Durante os anos 2000, a proporção de menores com 15 anos e idade inferior que nunca beberam álcool caiu de 44 para 30 por cento entre os rapazes e de 50 para 31 por cento entre as raparigas; a quantidade de crianças e adolescentes que já se embebedaram aumentou de 30 para 40 por cento (rapazes) e de 26 para 41 por cento (raparigas) no mesmo período, indica o relatório.

As pessoas com mais instrução e de estatuto socioeconómico mais elevado têm uma maior probabilidade de consumir álcool. Homens com menos estudos e de classe mais baixa, bem como mulheres mais instruídas e de estatuto socioeconómico mais elevado têm maior probabilidade de ingerir álcool em quantidades perigosas.

Em geral, as minorias étnicas bebem menos álcool que a maioria da população, mas existem exceções significativas em alguns países, refere o documento.

Apesar de o impacto da ingestão de grandes quantidades de álcool na produtividade laboral ser consistentemente negativo, há provas de que a ingestão moderada de álcool poderá ter consequências positivas, especialmente nos salários. Algumas estimativas sugerem que as perdas de produtividade associadas ao consumo excessivo de álcool se situam em cerca de um por cento do Produto Interno Bruto (PIB) na maioria dos países membros.

O álcool tem impacto no desenvolvimento de uma série de doenças e lesões: o consumo alcoólico excessivo subiu de oitava para quinta causa mundial de morte e incapacidade entre 1990 e 2010.

Baseado num modelo de simulação, o estudo da OCDE mostra que diversas políticas sobre o consumo de álcool têm potencial para reduzir os níveis de ingestão perigosa, regular e episódica de álcool e de dependência em três países (Alemanha, República Checa e Canadá) em entre cinco e dez por cento.
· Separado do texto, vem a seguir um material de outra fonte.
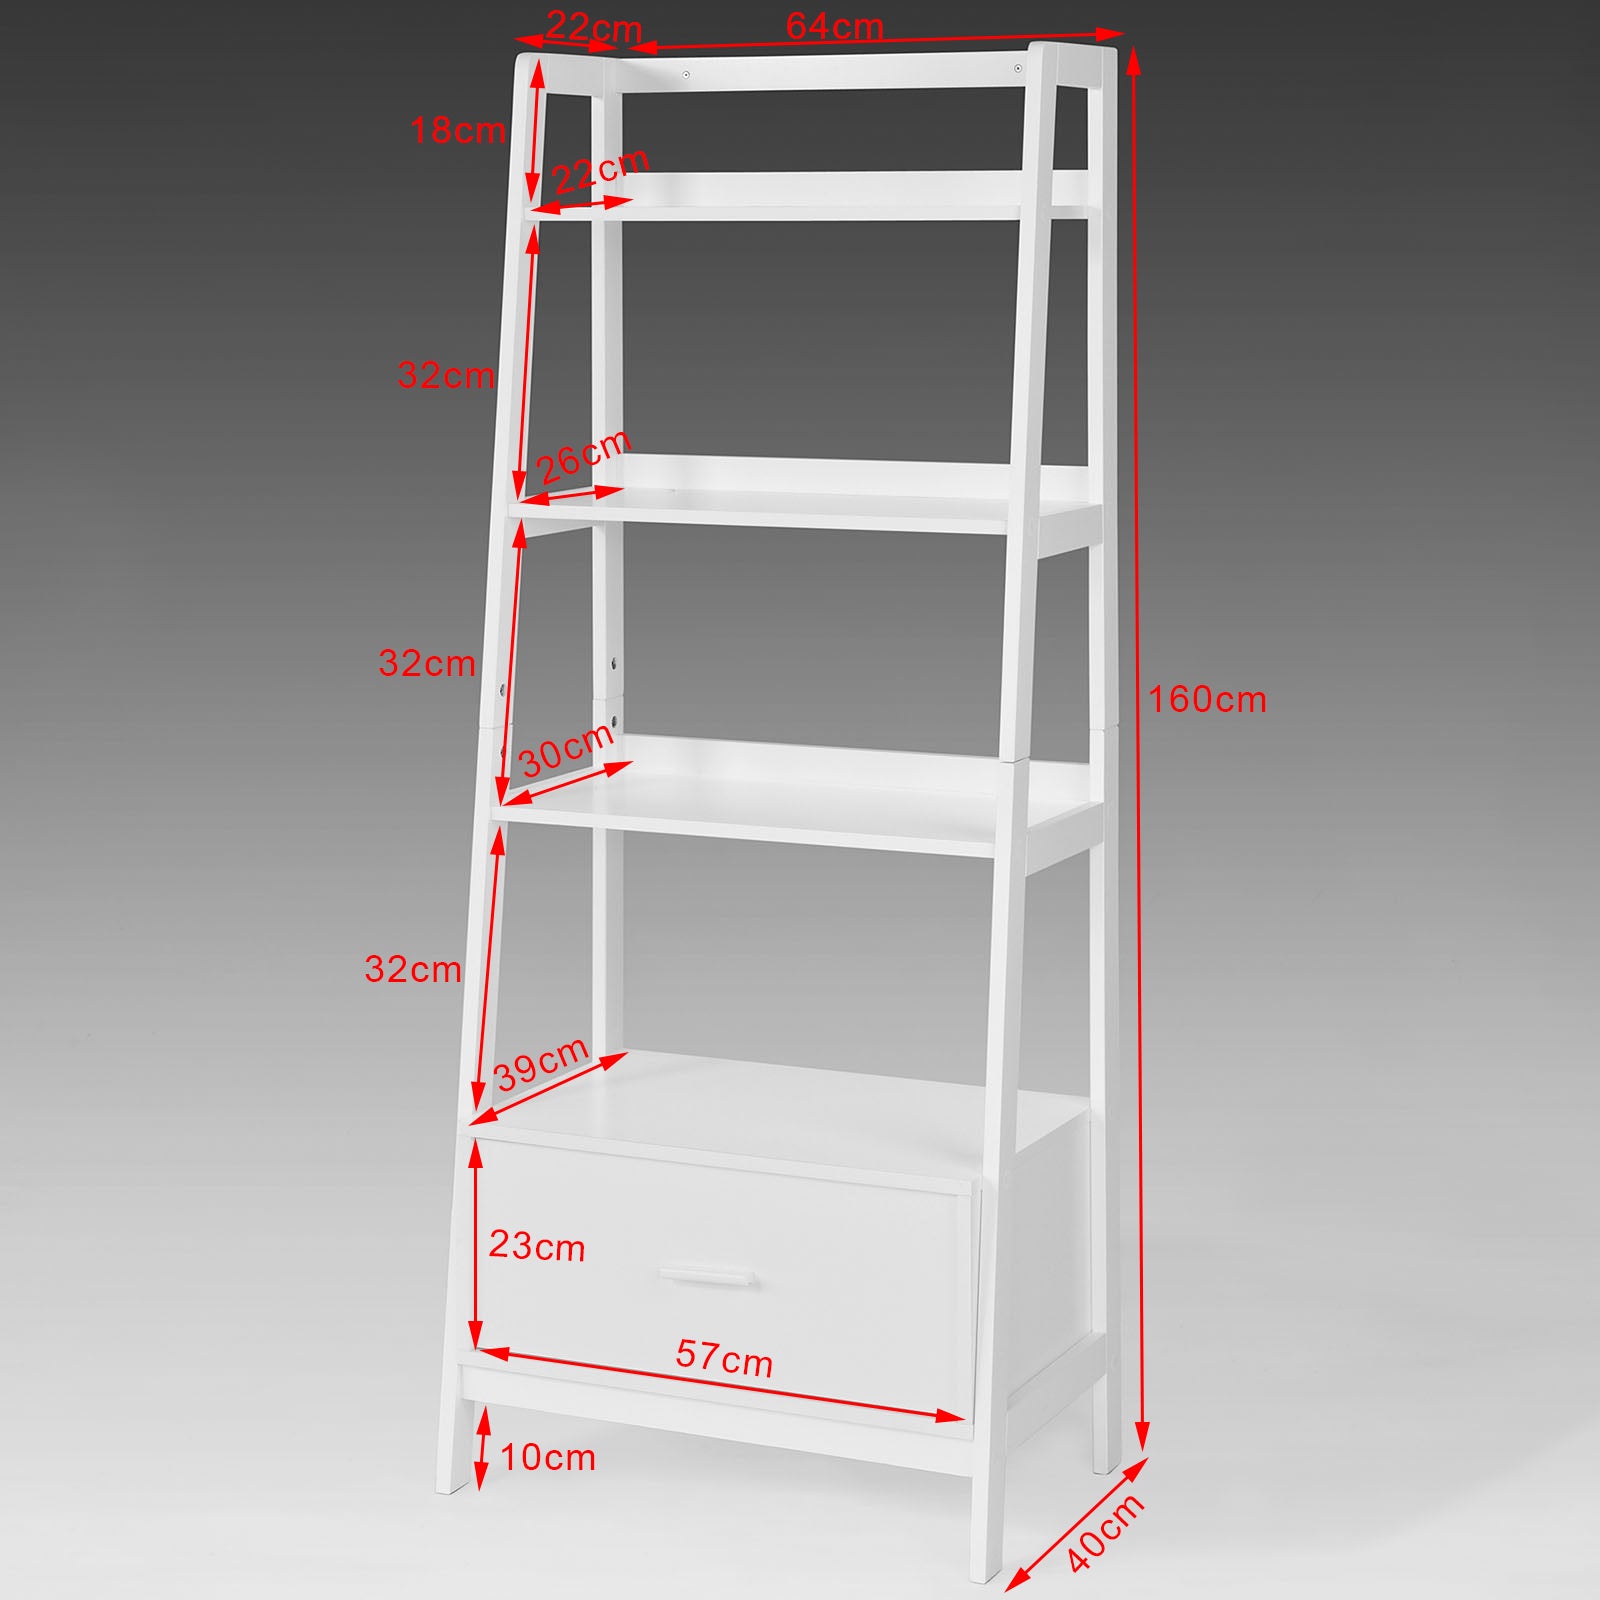 SoBuy White Storage Display Shelf Bookcase with Drawer and Shelves,FRG116-W

Tal redução contribuiria muito para que esses países alcançassem o objetivo voluntariamente estabelecido de baixar o consumo excessivo de álcool em dez por cento até 2025, uma meta fixada em 2013 pela Assembleia Mundial de Saúde, no âmbito do Programa de Monitorização Global de Doenças Intransmissíveis incluído na Estratégia Global da Organização Mundial de Saúde (OMS) para reduzir o consumo excessivo de álcool.

De acordo com o grupo de especialistas que elaborou este relatório, combinar legislação relativa ao consumo de álcool numa estratégia de prevenção coerente dará resultados positivos, ajudando a alcançar “massa crítica” com maior impacto nas normas sociais que ditam os comportamentos de consumo alcoólico abusivo.

A OCDE tem atualmente 34 Estados membros: Alemanha, Austrália, Áustria, Bélgica, Canadá, Chile, Coreia do Sul, Dinamarca, Eslováquia, Eslovénia, Espanha, Estados Unidos, Estónia, Finlândia, França, Grécia, Holanda, Hungria, Irlanda, Islândia, Israel, Itália, Japão, Luxemburgo, México, Noruega, Nova Zelândia, Polónia, Portugal, Reino Unido, República Checa, Suécia, Suíça e Turquia.